━━━━━ Input for this task
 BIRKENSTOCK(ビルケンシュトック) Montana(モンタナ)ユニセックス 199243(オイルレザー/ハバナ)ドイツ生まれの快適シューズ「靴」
━━━━━━━━━━
━━━━━ Input for this task
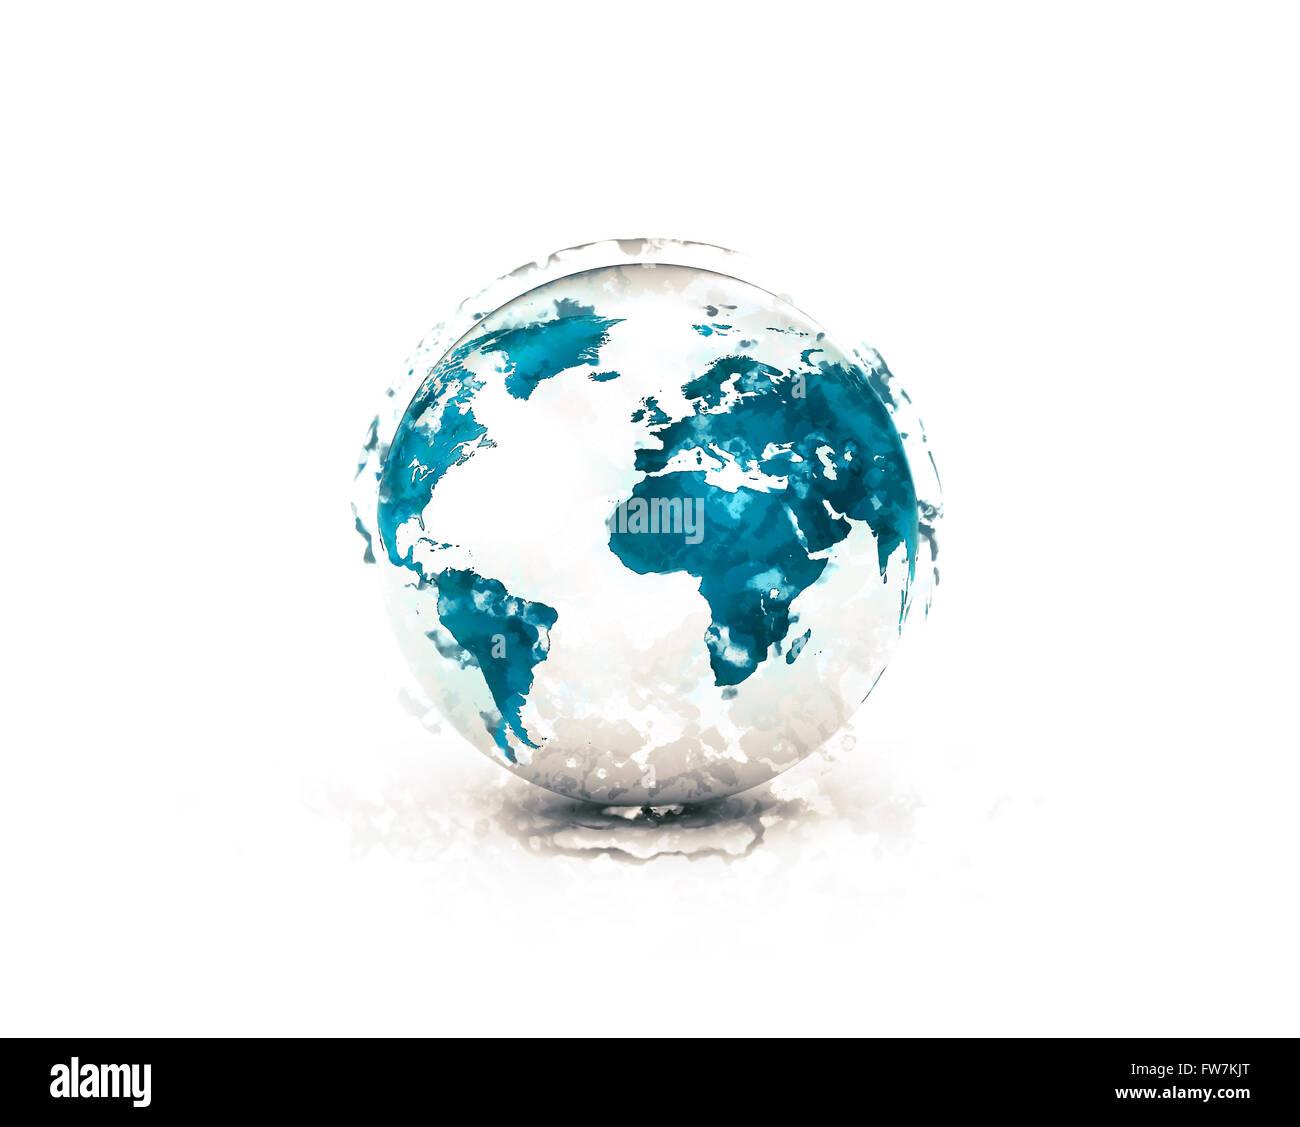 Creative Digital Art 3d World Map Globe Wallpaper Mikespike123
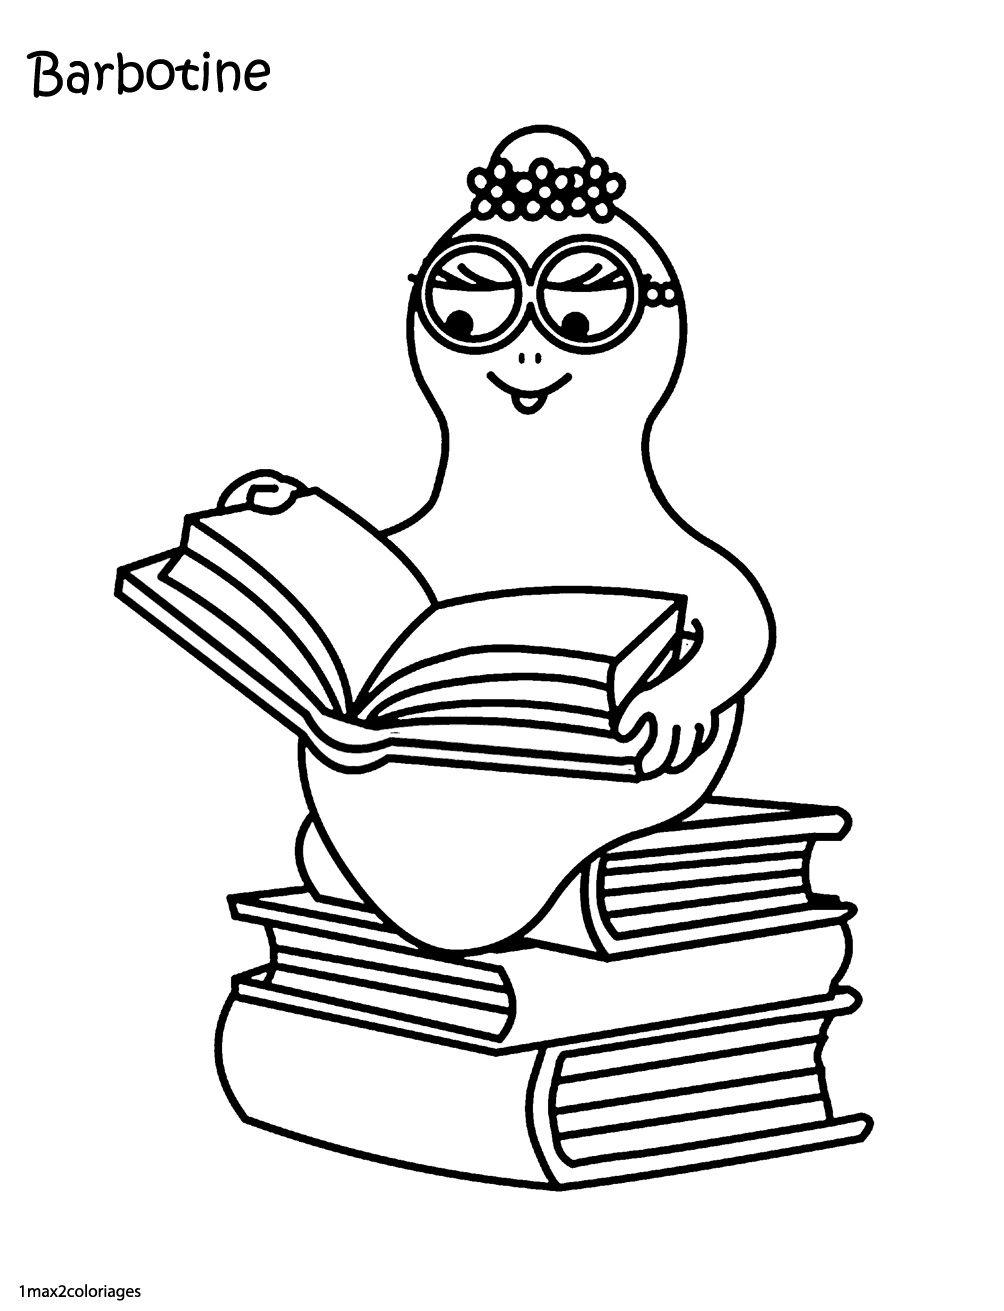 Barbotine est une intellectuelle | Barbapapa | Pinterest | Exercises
━━━━━━━━━━
**Task goal**:
When you reach the line holding "Creative Digital Art" in the listing above, begin retyping exactly, and stop once the line holding "Barbotine est une" is done; pictures stay out.

**Answer to this exercise**:
 Creative Digital Art 3d World Map Globe Wallpaper Mikespike123
 Barbotine est une intellectuelle | Barbapapa | Pinterest | Exercises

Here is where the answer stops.